As almost all p.(Met139Thr) carriers originated from the late settlement areas of Eastern and Northeastern Finland, the geographic distribution of the variant fits well with the known inhabitation patterns of the country and suggest a single origin.29, 30 Consequently, we made an effort to validate this hypothesis by analyzing the genomic region encompassing the AICDA gene in the individuals of the SiSu cohort. We identified linkage disequilibrium blocks upstream and downstream the p.(Met139Thr), suggesting the actual architecture of the region as reflecting the remnants of a wider previous haplotype that has potentially included the variant. The small number of the carriers and, mostly, the presence of a recombination hot spot of 10 kb surrounding the AICDA gene31 could have limited our ability to identify the ancestral allele. In order to overcome these limitations, we further studied the haplotype structure of the surrounding areas in all the p.(Met139Thr) carriers included in the SiSu project and three epidemiological and clinical Finnish sample collections. A segregation analysis revealed a shared haplotype of 207.57 kb inclusive of the variant, with no apparent recombination events in the 31 carriers. This was surrounded by a partially conserved genomic region of 901 kb where a limited amount of recombination events had taken place. The outlined genetic structure comprises the likely ancestral founder allele. Our hypothesis of a single mutation event and shared ancestry was also further strengthened by the finding that all p.(Met139Thr) carriers shared more of their genome than the general population (2.25-fold increased IBD).
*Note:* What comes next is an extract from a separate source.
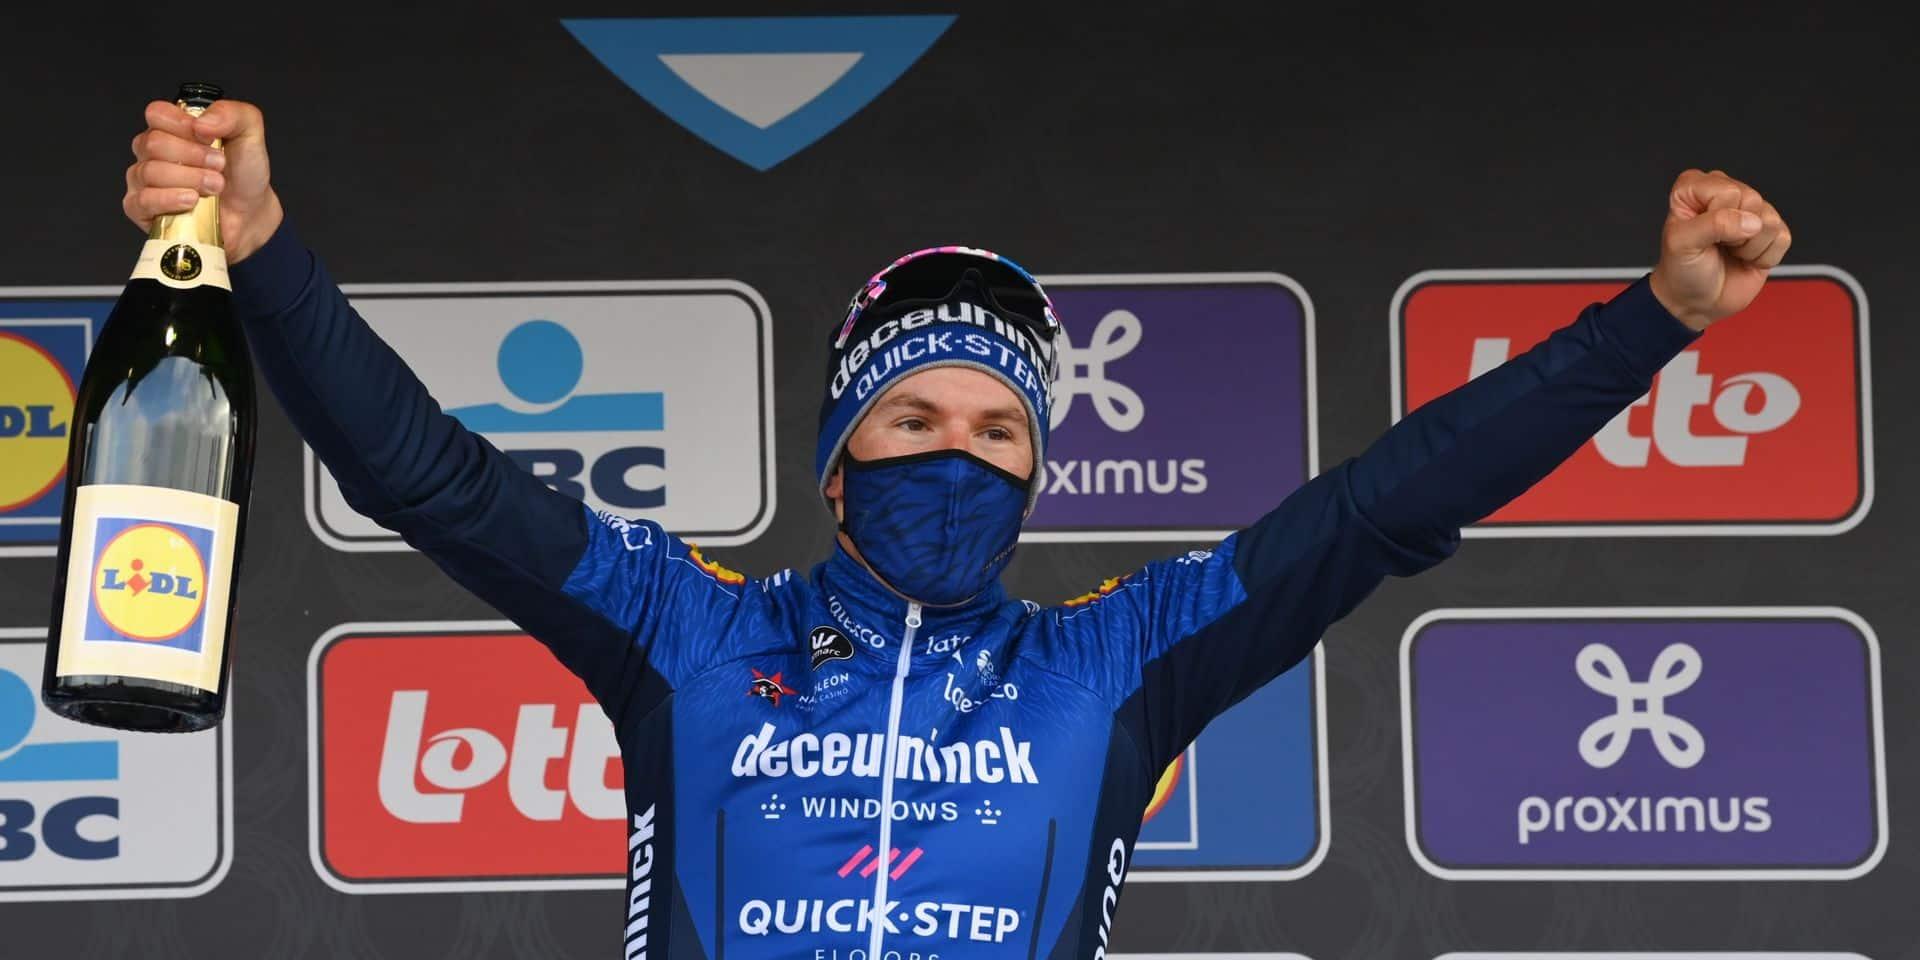 Circuit Het Nieuwsblad: victoire pour Davide Ballerini au sprint !
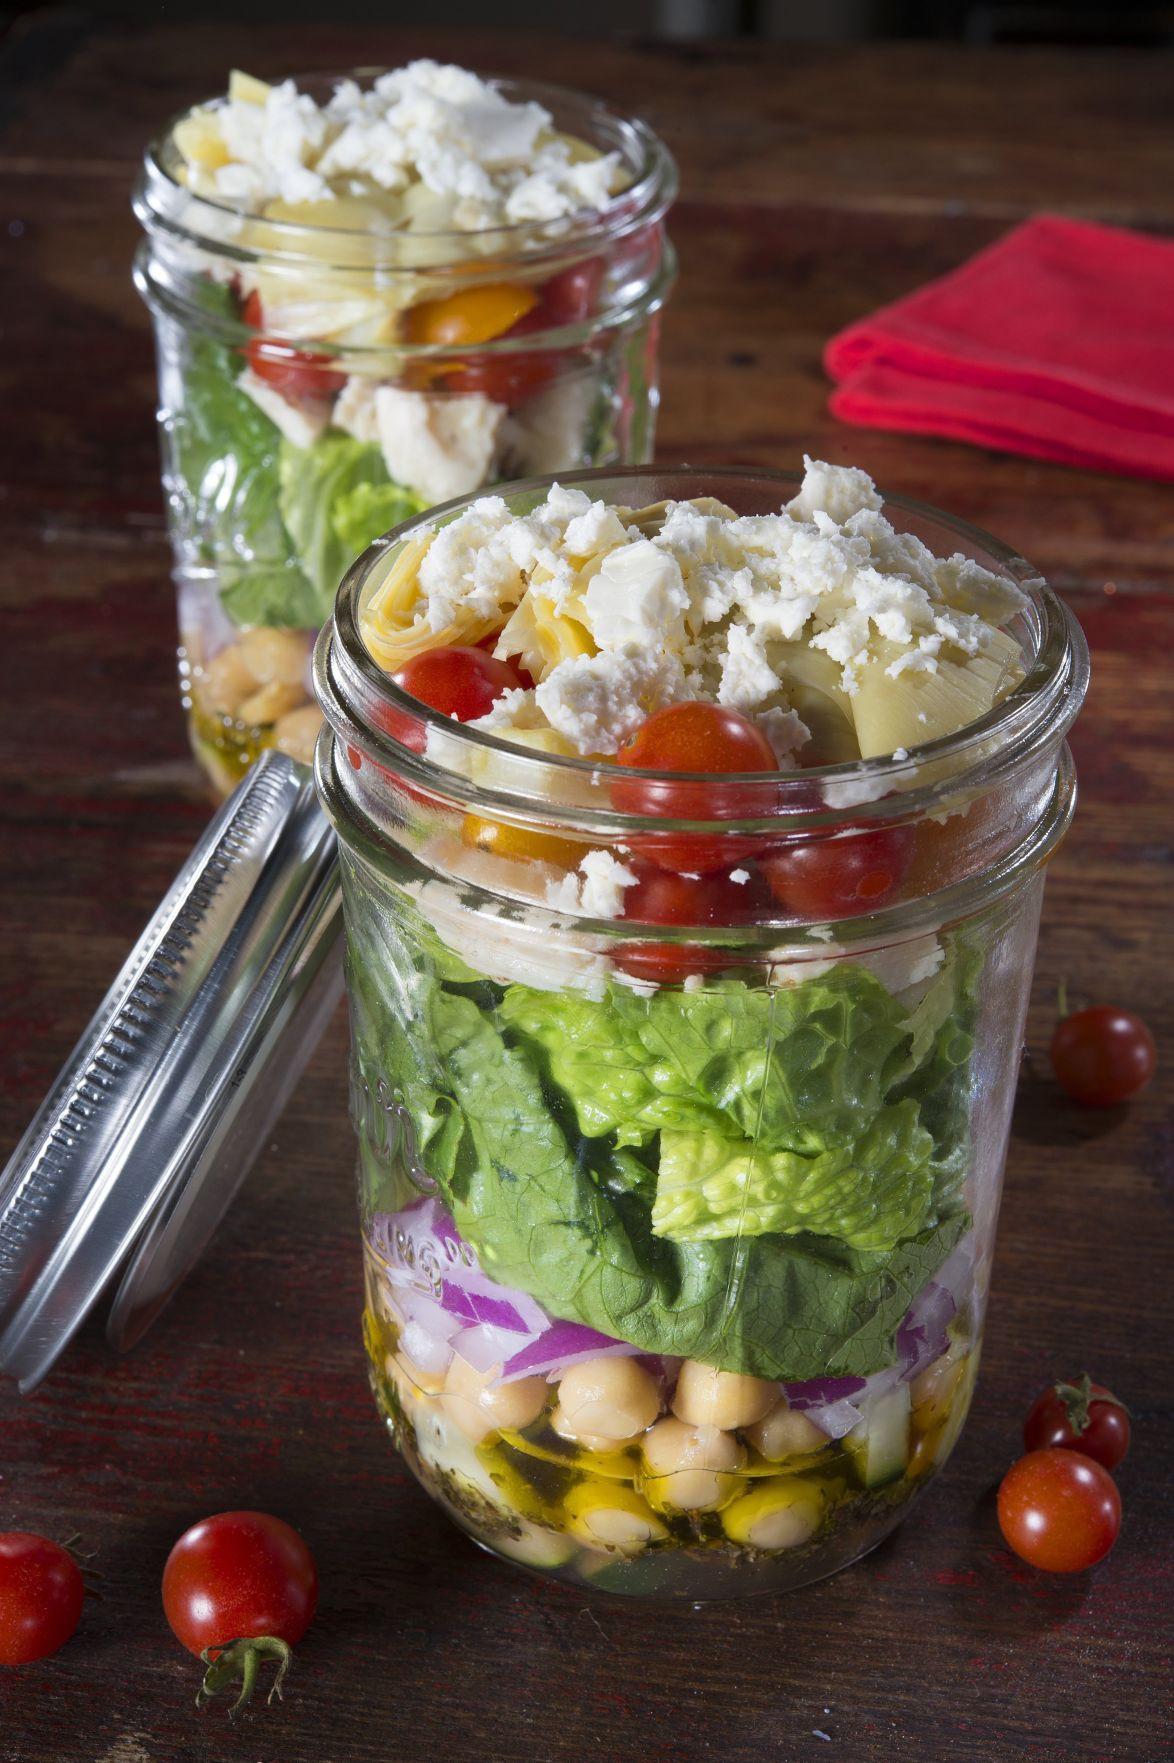 Healthy Mason Jar Lunches  Mason jar meals for on the go health

AID deficiency is clinically characterized by severe antibody deficiency, lymphatic nongranulomatous hyperplasia with hyperplastic germinal centers and inflammatory complications like hematologic autoimmunity, chronic hepatitis, diarrhea and aseptic arthritis.16, 17 Our patients display a uniform matching phenotype. The patients of family I have a longer follow-up than most patients in the current literature, lending insight into the long-term consequences of the disease. To the best of our knowledge, the patients have developed several previously unreported systemic, renal and gastrointestinal autoimmune complications (Table 1 and Supplementary Information). However, aggressively substituted younger patients in families II–IV seem to have few autoimmune problems. Unlike in common variable immunodeficiency, granulomatous lymphadenitis is not a previously described feature of AID deficiency. A pronounced and difficult to treat granulomatous lymphadenopathy was noted in family I and confirmed by biopsies. Unfortunately, no archived tissue samples were available. As this occurred during a familial tuberculous mini-epidemic, it suggests that infectious causes of granulomas should always be excluded in AID deficiency. Opportunistic lethal infections in I-I were likely caused by secondary immunosuppression and are also not a feature of AID deficiency. Whether AID deficiency is able to cause spontaneously terminated pregnancies should be further studied (cf. Supplementary Information).

In summary, we identified a single variant affecting the function of the protein accounting for all diagnosed AID deficiencies in Finns. In all likelihood, p.(Met139Thr) is a Finmajor founder mutation and AID deficiency belongs to the FDH. This phenomenon closely resembles the known p.Arg112Cys founder allele in French Canadians, but 3p.(Met139Thr) is even more prevalent in Finns.8 Taken together, these findings underline the correlation between the genetic structure of the population and the distribution of genetic disorders, and emphasize the benefits of researching population isolates with systematic health records available.